- _Information given_:
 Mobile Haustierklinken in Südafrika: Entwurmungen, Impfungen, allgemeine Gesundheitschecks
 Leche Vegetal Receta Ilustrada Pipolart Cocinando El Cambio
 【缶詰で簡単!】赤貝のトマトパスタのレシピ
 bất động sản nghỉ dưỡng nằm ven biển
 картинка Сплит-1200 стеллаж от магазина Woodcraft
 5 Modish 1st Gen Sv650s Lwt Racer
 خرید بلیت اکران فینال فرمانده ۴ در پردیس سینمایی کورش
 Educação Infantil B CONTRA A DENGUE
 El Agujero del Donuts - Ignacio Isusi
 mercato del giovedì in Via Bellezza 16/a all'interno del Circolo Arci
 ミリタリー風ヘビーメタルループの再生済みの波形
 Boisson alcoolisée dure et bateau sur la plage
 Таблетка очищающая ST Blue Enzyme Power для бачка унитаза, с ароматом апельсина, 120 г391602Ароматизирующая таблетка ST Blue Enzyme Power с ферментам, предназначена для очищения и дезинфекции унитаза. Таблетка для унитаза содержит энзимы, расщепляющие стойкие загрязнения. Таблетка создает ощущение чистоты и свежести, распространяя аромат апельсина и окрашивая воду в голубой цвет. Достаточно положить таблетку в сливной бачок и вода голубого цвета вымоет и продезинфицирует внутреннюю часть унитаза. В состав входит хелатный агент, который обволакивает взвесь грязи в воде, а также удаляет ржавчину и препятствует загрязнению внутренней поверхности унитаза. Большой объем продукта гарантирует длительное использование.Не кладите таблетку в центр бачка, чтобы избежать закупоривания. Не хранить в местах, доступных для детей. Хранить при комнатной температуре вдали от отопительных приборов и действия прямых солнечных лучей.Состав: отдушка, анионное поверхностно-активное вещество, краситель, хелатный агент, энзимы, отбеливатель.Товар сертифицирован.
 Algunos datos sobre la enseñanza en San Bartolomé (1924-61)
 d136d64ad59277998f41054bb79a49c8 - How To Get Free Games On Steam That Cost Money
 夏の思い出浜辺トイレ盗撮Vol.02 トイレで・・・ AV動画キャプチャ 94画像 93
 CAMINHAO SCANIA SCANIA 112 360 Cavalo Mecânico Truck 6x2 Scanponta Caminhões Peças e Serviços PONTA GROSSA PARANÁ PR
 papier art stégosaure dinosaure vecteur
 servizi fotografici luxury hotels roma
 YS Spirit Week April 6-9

- _Exercise instructions_: Word for word, write out every entry shown above.

- _Answer space_:
 Mobile Haustierklinken in Südafrika: Entwurmungen, Impfungen, allgemeine Gesundheitschecks
 Leche Vegetal Receta Ilustrada Pipolart Cocinando El Cambio
 【缶詰で簡単!】赤貝のトマトパスタのレシピ
 bất động sản nghỉ dưỡng nằm ven biển
 картинка Сплит-1200 стеллаж от магазина Woodcraft
 5 Modish 1st Gen Sv650s Lwt Racer
 خرید بلیت اکران فینال فرمانده ۴ در پردیس سینمایی کورش
 Educação Infantil B CONTRA A DENGUE
 El Agujero del Donuts - Ignacio Isusi
 mercato del giovedì in Via Bellezza 16/a all'interno del Circolo Arci
 ミリタリー風ヘビーメタルループの再生済みの波形
 Boisson alcoolisée dure et bateau sur la plage
 Таблетка очищающая ST Blue Enzyme Power для бачка унитаза, с ароматом апельсина, 120 г391602Ароматизирующая таблетка ST Blue Enzyme Power с ферментам, предназначена для очищения и дезинфекции унитаза. Таблетка для унитаза содержит энзимы, расщепляющие стойкие загрязнения. Таблетка создает ощущение чистоты и свежести, распространяя аромат апельсина и окрашивая воду в голубой цвет. Достаточно положить таблетку в сливной бачок и вода голубого цвета вымоет и продезинфицирует внутреннюю часть унитаза. В состав входит хелатный агент, который обволакивает взвесь грязи в воде, а также удаляет ржавчину и препятствует загрязнению внутренней поверхности унитаза. Большой объем продукта гарантирует длительное использование.Не кладите таблетку в центр бачка, чтобы избежать закупоривания. Не хранить в местах, доступных для детей. Хранить при комнатной температуре вдали от отопительных приборов и действия прямых солнечных лучей.Состав: отдушка, анионное поверхностно-активное вещество, краситель, хелатный агент, энзимы, отбеливатель.Товар сертифицирован.
 Algunos datos sobre la enseñanza en San Bartolomé (1924-61)
 d136d64ad59277998f41054bb79a49c8 - How To Get Free Games On Steam That Cost Money
 夏の思い出浜辺トイレ盗撮Vol.02 トイレで・・・ AV動画キャプチャ 94画像 93
 CAMINHAO SCANIA SCANIA 112 360 Cavalo Mecânico Truck 6x2 Scanponta Caminhões Peças e Serviços PONTA GROSSA PARANÁ PR
 papier art stégosaure dinosaure vecteur
 servizi fotografici luxury hotels roma
 YS Spirit Week April 6-9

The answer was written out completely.